Time for innovation in the radio and music businesses.

Consumers get to read, hear and see video on-demand using these new devices so there are lots of new choices and the tablet will likely have a nice sized color screen.

I feel badly for the gaming industry because like radio it was once flying high and unlike radio its prosperity did not last many, many decades. The gaming industry is toast once Apple gets these tablets into consumers’ hands.

Newspapers should be counting the seconds until this device comes along because they have a second bite at the apple (small “a”) so to speak.

But, newspaper publishers can’t take crowded websites with inferior reporting and push them to consumer tablets. They’ve got to come up something worth paying for because I believe the tablet, utilizing the iTunes store, will make it possible for publishers to charge micropayments.

That’s why I say it is worth the effort to not only study the device but how consumers enjoy that device.

The TV industry is already in real trouble without the tablet.

While consumers like to watch video entertainment, the networks must compete with so many non-traditional sources that TV time is reduced almost as much as attention spans. TV networks and a whole new category of content producers could make what I call “Hulu television” – shorter programs, designed for mobile and with a new form of monetization.

Again, Jobs is likely to offer existing cable channels such as ESPN for a monthly subscription fee and because the tablet will be so cool and consumers trust Apple to be the aggregator of such content, the monthly fee concept will likely work where it has failed before.

The music industry shoots itself in the foot every year. Jobs is going to help them out (and help himself first and foremost). He will offer LaLa-type streaming music that consumers can also add on to their monthly bills. If the Apple platform gets big enough, it could generate nice profits for labels, artists, publishers and Apple.

The missing link to the Internet revolution has been the mobile Internet. Don’t get me wrong. It was always there.
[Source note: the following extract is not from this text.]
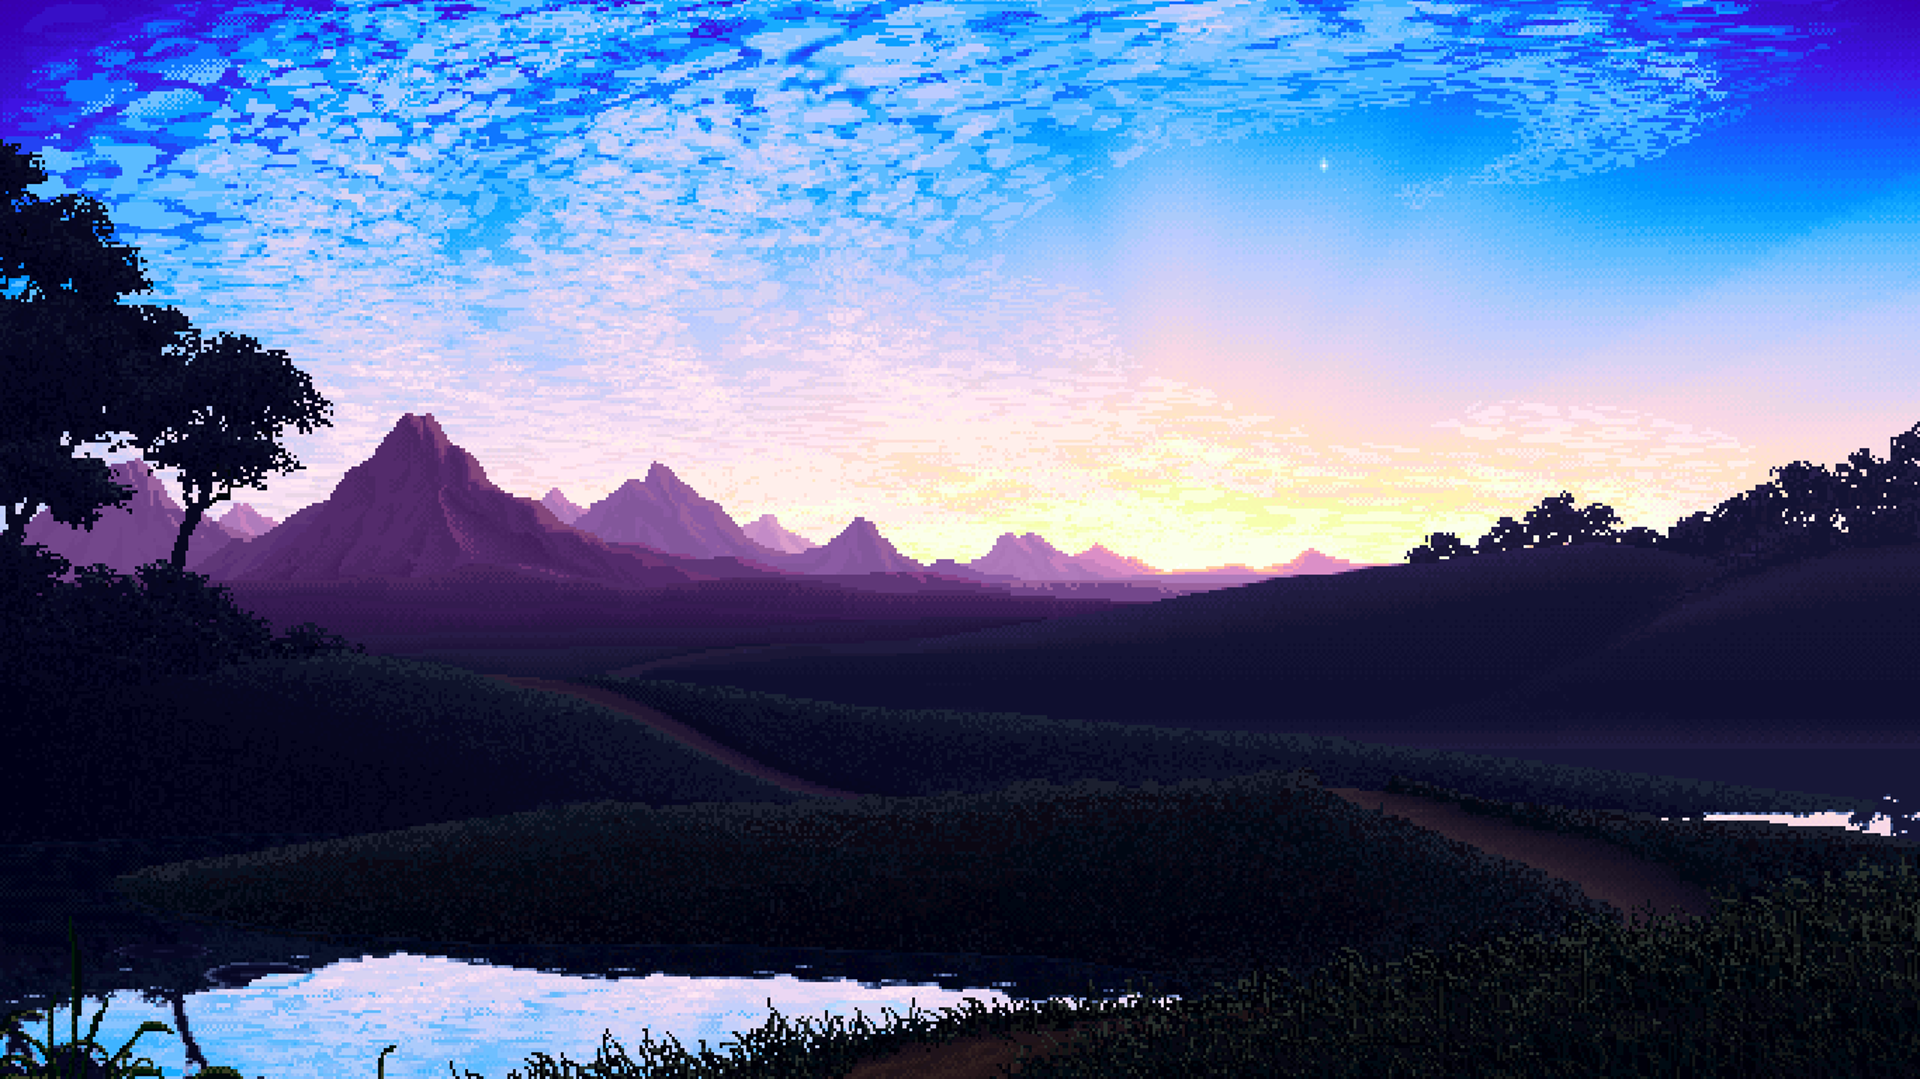 Pixel Landscape Wallpaper and Background Image | 1920x1079 ...

Now it will be cool, intuitive, interactive and portable.

Apple is going to do for the mobile Internet what it did for mobile devices (iPods) and phones (iPhone) – putting cool devices into the hands of consumers.

That brings me to radio.

Radio could do the same thing, but ...

The geniuses running radio into the ground these days have pissed away almost all of their original content. You see, these guys think it's cheaper to be everyone’s iPod. And the People Meter has turned out to be the radio industry’s bitch – that is, their excuse for dumping air talent in favor of constant cheap music programming.

In other words, critical mistakes were made to dilute local radio -- news, talk, music – and do repeater radio. So now that there is a device that consumers will likely buy (estimates are between 1-10 million the first year for the tablet), the elements radio listeners would like to have accessed on this thing are gone.

Let me be clear – I am not saying a traditional morning show will work five years from now on an Apple tablet, but traditional morning talent using new formatics, social networking, the connectivity of the mobile platform and new means of monetization will work and succeed if new entrepreneurs want to come along and get into that space.

Radio has shut itself out.

For everyone else, there’s my Media Solutions Lab tomorrow morning.

Radio may be deader than a doornail on the burgeoning mobile Internet but radio talent is alive and kicking. Mobile Internet is the future. The mobile Internet is radio people’s next career.